The main components of the SES* index have different degrees of missingness. Of specific concern is parental education, which on average has missing values of around 20%, depending on administration year and education system. Since drop** such a large part of the sample would undermine the generalizability of the findings, especially when the students with missing values tended to come from lower ability levels, multiple imputation was used for all missing values of the SES* index components. Instead of imputing the “highest level of parental education” variable directly, we imputed father’s and mother’s education separately, compared them after imputation, and then generated the highest level of parental education for the SES* index. We imputed the missing values of SES* index variables five times using multiple imputation chained equations before constructing the SES* index. Imputation using chained equations is known for its flexibility in handling different types of variables (for example binary, categorical, and continuous; Hughes et al. 2014), with our variables of interests being mostly categorical. The imputation is achieved by using the observed values for a given individual and the observed relations in the data for other participants (Schafer and Graham 2002).

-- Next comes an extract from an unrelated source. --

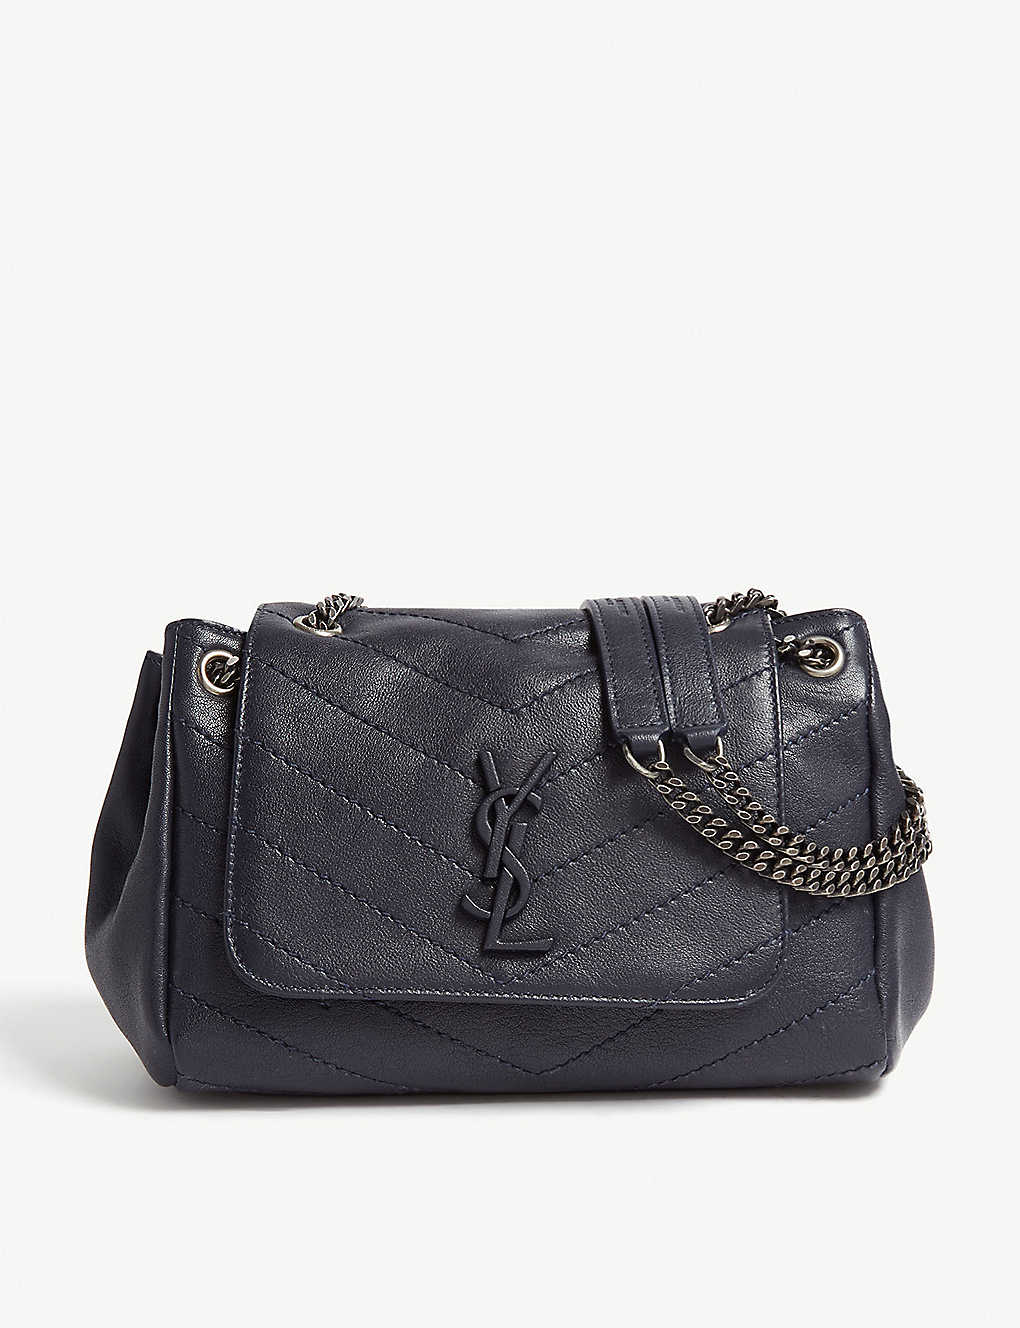 e553ec56bd Nolita monogram small leather shoulder bag - Midnight blue ...

In addition, since TIMSS data include multiple education systems across multiple years, we decided to impute the missing data for each year first and only then create a database of all years. The advantage of this approach was that we maximally used available information for a given year since the questionnaires have been modified over time and thus available relevant variables differ by year. In the imputation model, we included all analytic variables that were included in our final analysis, other common home possession items available for all education systems in each year, plausible values of achievement score, and other related variables (such as language spoken at home). After imputation, the correlation between these variables in each year was compared between the original dataset and the imputed dataset, and the results suggested the imputation preserved the overall relationship among variables very well. The student sampling weight was taken into account in the imputation model, as shown in a case study of conducting multiple imputation for missing data in TIMSS (Bouhlila and Sellaouti 2013).

3.2.3 The SES* Index

After imputation, we constructed the SES* index, ranging from 0 to 10 points, by assigning numerical values to each category of each of the three components (Table 3.3). We applied this to the 13 education systems’ data for the 2011 and 2015 cycles, and found that this index has a relatively high correlation with the HER scale (2011: r = 0.87; 2015: r = 0.84). We also compared the variance in mathematics performance explained by the SES* index and by the HER scale in 2011 and 2015 for these 13 education systems. In 2011, the SES* index explained 23.7% of the variance in mathematics, while the HER index explained 23.6% of the variance. In 2015, the SES* index explained 17.8% of the variance in mathematics, while the HER index explained 19.1% of the variance. This suggests that the proposed SES* index is highly correlated with the current HER scale and explains a similar amount of the variance in students’ achievement.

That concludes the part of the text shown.